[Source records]
--

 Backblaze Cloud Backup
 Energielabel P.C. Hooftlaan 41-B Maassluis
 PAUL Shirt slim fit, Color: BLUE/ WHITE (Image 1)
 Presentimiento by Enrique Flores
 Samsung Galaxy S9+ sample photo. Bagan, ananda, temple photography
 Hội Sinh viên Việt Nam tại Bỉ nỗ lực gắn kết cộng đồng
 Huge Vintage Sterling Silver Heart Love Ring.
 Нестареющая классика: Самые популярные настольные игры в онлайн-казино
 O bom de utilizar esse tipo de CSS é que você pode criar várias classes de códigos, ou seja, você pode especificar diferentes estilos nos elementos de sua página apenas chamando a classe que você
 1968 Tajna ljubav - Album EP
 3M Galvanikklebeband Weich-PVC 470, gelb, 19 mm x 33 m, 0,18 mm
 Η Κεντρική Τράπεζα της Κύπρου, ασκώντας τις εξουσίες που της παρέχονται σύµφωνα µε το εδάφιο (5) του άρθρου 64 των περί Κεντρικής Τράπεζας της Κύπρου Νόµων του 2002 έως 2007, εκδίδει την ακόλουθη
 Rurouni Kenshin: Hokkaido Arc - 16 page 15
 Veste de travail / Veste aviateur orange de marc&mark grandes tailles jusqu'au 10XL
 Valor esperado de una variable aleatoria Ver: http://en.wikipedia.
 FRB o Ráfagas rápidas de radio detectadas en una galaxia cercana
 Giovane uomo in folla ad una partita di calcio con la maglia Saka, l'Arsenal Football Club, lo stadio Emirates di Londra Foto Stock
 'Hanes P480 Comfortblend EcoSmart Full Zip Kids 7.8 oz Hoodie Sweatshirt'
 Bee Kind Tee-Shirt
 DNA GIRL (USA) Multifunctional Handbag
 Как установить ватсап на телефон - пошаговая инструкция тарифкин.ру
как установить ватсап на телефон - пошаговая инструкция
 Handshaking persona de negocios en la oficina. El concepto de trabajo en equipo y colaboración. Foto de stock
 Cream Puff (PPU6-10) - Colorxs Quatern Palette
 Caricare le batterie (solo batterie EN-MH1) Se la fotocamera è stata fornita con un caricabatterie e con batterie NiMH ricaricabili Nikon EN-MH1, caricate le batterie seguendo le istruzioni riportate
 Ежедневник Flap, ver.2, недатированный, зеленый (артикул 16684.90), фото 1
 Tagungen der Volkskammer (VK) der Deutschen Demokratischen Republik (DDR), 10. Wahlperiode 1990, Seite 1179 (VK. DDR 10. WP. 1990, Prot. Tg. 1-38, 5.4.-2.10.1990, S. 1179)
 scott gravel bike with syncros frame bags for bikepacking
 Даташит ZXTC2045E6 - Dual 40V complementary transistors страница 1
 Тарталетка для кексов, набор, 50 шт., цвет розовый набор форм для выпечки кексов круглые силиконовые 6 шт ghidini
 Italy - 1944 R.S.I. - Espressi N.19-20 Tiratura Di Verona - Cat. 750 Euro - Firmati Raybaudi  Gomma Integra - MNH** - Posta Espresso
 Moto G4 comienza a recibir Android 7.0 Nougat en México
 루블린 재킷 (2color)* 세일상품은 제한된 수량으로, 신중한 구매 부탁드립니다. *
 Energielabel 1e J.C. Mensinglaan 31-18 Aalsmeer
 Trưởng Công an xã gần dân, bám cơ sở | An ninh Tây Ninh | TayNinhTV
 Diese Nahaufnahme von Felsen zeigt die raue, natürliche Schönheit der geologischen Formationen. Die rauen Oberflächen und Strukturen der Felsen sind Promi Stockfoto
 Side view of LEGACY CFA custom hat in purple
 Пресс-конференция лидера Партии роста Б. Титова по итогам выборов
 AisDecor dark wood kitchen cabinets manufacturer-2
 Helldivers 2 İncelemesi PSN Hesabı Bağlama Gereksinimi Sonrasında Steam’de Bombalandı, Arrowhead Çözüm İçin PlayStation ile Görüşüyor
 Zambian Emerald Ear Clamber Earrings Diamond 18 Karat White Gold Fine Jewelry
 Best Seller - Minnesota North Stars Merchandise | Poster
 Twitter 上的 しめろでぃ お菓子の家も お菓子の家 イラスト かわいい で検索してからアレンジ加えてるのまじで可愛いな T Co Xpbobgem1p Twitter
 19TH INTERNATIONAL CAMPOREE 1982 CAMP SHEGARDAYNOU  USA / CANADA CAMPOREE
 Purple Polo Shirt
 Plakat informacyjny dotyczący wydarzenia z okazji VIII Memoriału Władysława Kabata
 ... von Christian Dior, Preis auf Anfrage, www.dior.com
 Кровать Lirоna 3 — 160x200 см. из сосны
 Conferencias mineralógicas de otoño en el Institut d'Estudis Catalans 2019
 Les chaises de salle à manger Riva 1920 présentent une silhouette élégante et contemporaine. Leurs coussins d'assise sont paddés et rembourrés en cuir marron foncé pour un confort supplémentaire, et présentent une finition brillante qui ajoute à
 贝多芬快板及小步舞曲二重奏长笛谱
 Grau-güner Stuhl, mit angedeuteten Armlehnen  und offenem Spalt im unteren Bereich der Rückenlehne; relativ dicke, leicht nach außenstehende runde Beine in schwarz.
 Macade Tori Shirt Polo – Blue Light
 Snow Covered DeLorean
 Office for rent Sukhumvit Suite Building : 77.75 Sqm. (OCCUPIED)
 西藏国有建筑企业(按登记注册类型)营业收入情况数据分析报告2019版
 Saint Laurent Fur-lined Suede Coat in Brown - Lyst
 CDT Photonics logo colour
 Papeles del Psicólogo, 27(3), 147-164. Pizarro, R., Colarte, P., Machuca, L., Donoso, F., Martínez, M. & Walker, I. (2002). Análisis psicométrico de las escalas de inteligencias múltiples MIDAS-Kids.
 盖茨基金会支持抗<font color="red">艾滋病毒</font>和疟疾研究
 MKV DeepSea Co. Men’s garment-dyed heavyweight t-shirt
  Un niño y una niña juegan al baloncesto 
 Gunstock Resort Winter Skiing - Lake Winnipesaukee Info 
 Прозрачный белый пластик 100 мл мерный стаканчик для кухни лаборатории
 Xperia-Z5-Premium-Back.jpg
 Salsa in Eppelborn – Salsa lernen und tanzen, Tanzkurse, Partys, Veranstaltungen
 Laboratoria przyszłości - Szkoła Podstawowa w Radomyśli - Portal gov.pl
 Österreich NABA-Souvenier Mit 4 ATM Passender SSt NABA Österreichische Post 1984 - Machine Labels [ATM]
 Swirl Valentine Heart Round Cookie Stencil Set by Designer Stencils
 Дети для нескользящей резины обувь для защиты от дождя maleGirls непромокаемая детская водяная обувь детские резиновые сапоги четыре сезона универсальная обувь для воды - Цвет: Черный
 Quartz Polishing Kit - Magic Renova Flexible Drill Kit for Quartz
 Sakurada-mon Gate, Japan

--

**TASK DETAILS**
Copy out each line of the data that includes the string "установить".

**ANSWER BELOW**
 Как установить ватсап на телефон - пошаговая инструкция тарифкин.ру
как установить ватсап на телефон - пошаговая инструкция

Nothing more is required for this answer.